Contribution of the BiLSTM module: The BKA-CNN model without BiLSTM performed the worst, confirming the irreplaceability of BiLSTM in modeling bidirectional long-term dependencies. Bidirectional temporal modeling is essential for capturing changes in environmental parameters, such as circadian rhythms and seasonal trends.
- (3)
Benchmarking results analysis
Table 9 systematically compares this model with multiple benchmark models.
Analysis of the benchmark results shows the following.
- (1)
Compared with the traditional model, the RMSE of the proposed BKA-CNN-BiLSTM model is about 49.1% lower than that of the traditional ARIMA model. This shows significant advantages. Deep learning models outperform traditional statistical models in capturing complex nonlinear spatiotemporal patterns and environmental parameter estimation.
- (2)
Benchmark comparison with classical deep learning models: Compared with LSTM and BiLSTM models, our model shows a RMSE (market equilibrium effect) reduction of 35.4% and 32.8%, respectively. This improvement is primarily due to the spatial feature extraction capabilities of CNN components, overcoming the limitations of a single LSTM model when processing time series.
- (3)
Benchmarking against advanced hybrid models: Our approach reduces RMSE by 19.2% compared to CNN-BiLSTM baselines, demonstrating that BKA-based hyperparameter optimization effectively enhances spatial feature representation and overall prediction accuracy.
- (4)
Model efficiency evaluation: Although the BKA-CNN-BiLSTM model needs to extend the training time due to the optimization process, the single prediction time in the inference mode under standard GPU conditions is less than 10 milliseconds, which meets the real-time prediction requirements of dynamic WSN environmental parameters.
- (5)
Discussion
Based on the combined results of ablation experiments and benchmarks, the following conclusions can be drawn.
The proposed BKA-CNN-BiLSTM model achieves the best performance in environmental parameter prediction through the synergistic interaction of its components. Specifically, the CNN module effectively extracts spatial features from multi-node sensor data, while the BiLSTM module precisely models the bidirectional time dependencies of environmental parameters. The BKA optimizer enhances the robustness of feature representation by intelligently optimizing CNN hyperparameters. This hierarchical architecture—including spatial feature extraction, hyperparameter optimization, and temporal dynamic modeling—effectively addresses the spatiotemporal complexity challenge in dynamic WSN environmental parameter prediction.

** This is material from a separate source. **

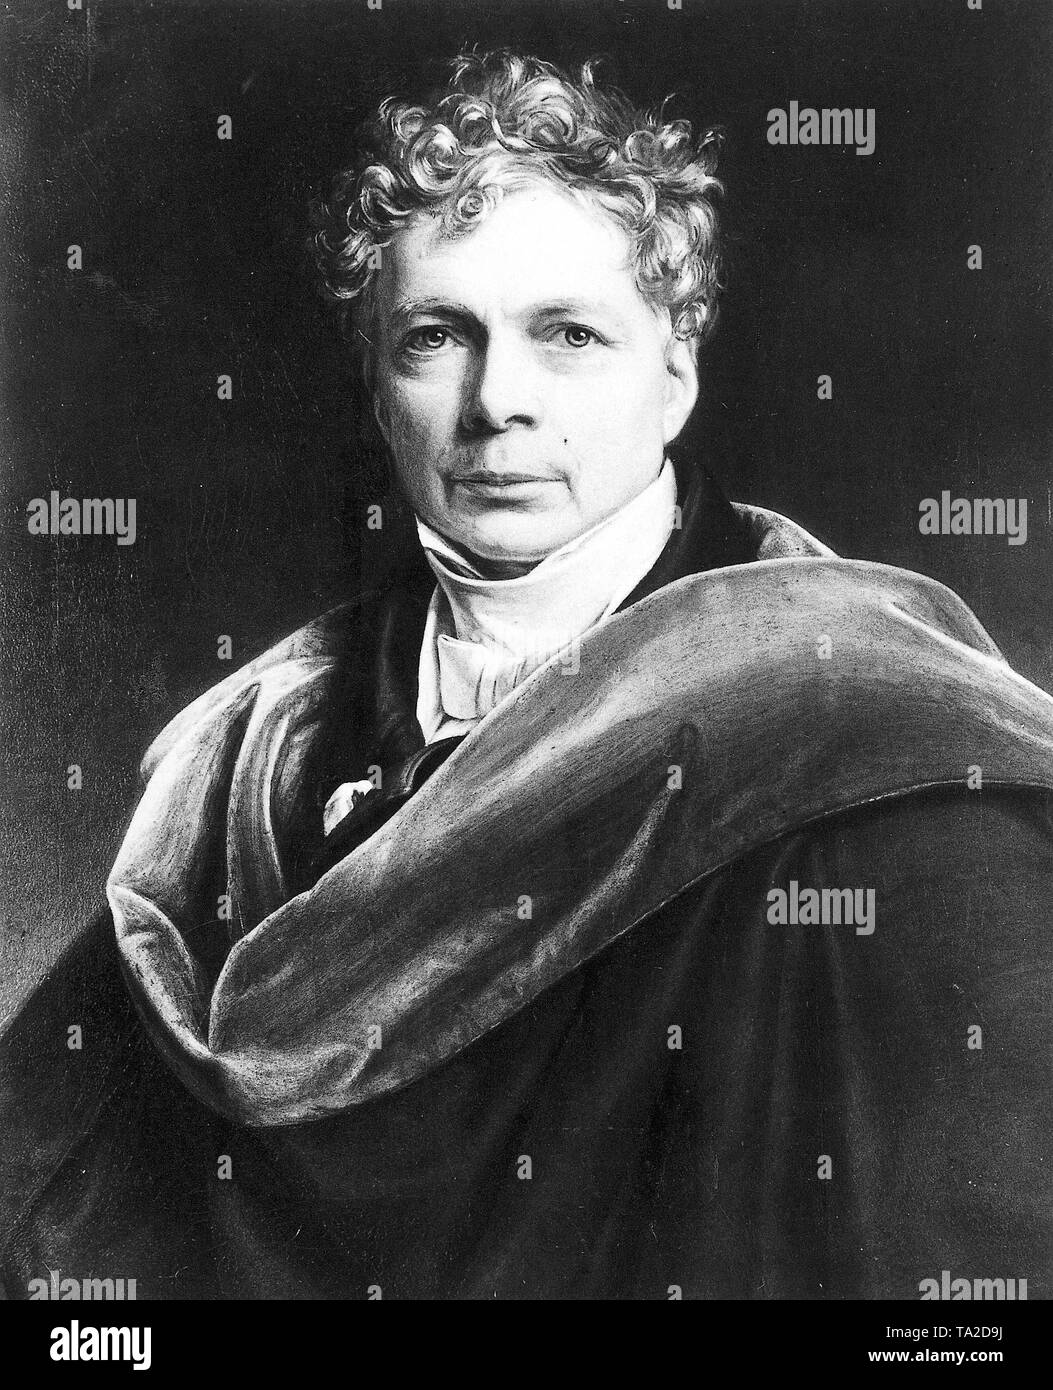 Friedrich Wilhelm Joseph von Schelling (1775-1854), a German philosopher, after a painting by Joseph Karl Stieler. Stock Photo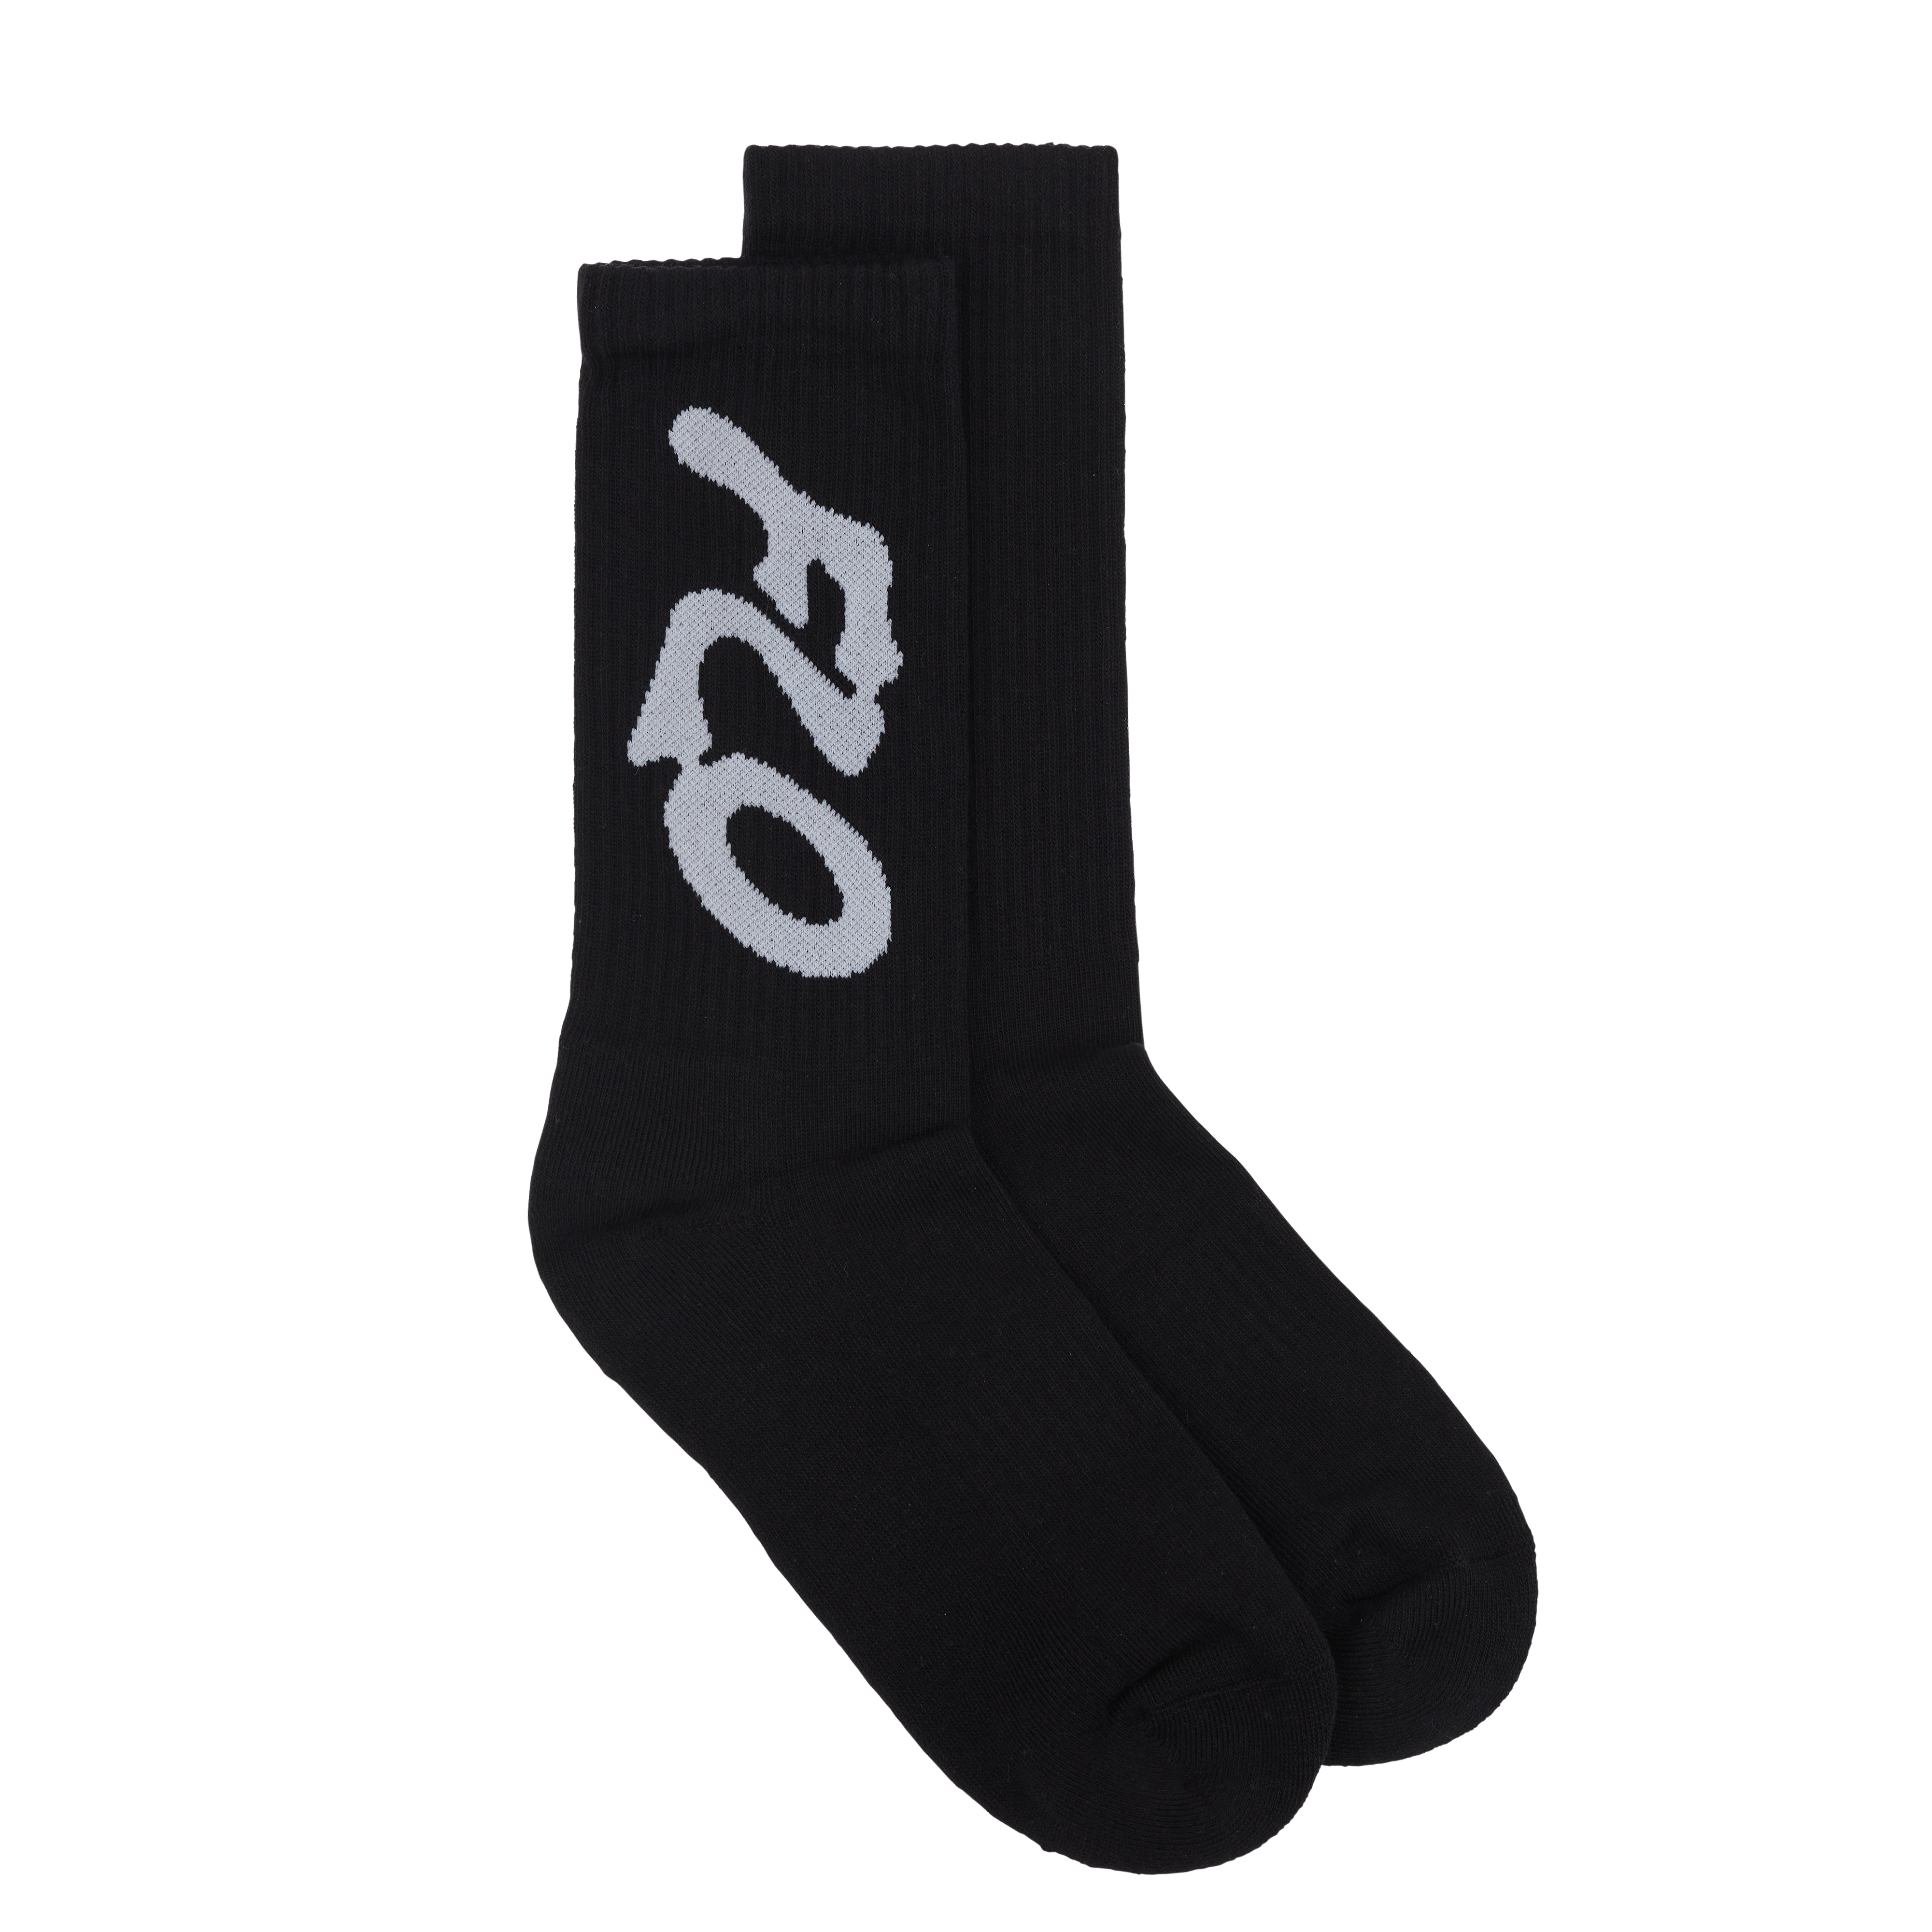 FLO - Black FLO socks

Compared with existing research, the key innovation of this study is the integration of the emerging BKA optimization algorithm into the CNN-BiLSTM hybrid model framework. Experimental validation proves the effectiveness of this comprehensive method in the task of predicting environmental parameters. The results show that in the WSN envionment with limited resources, the BKA-optimized hybrid model significantly improves the prediction accuracy and provides more reliable technical support for ecological monitoring and disaster early warnings.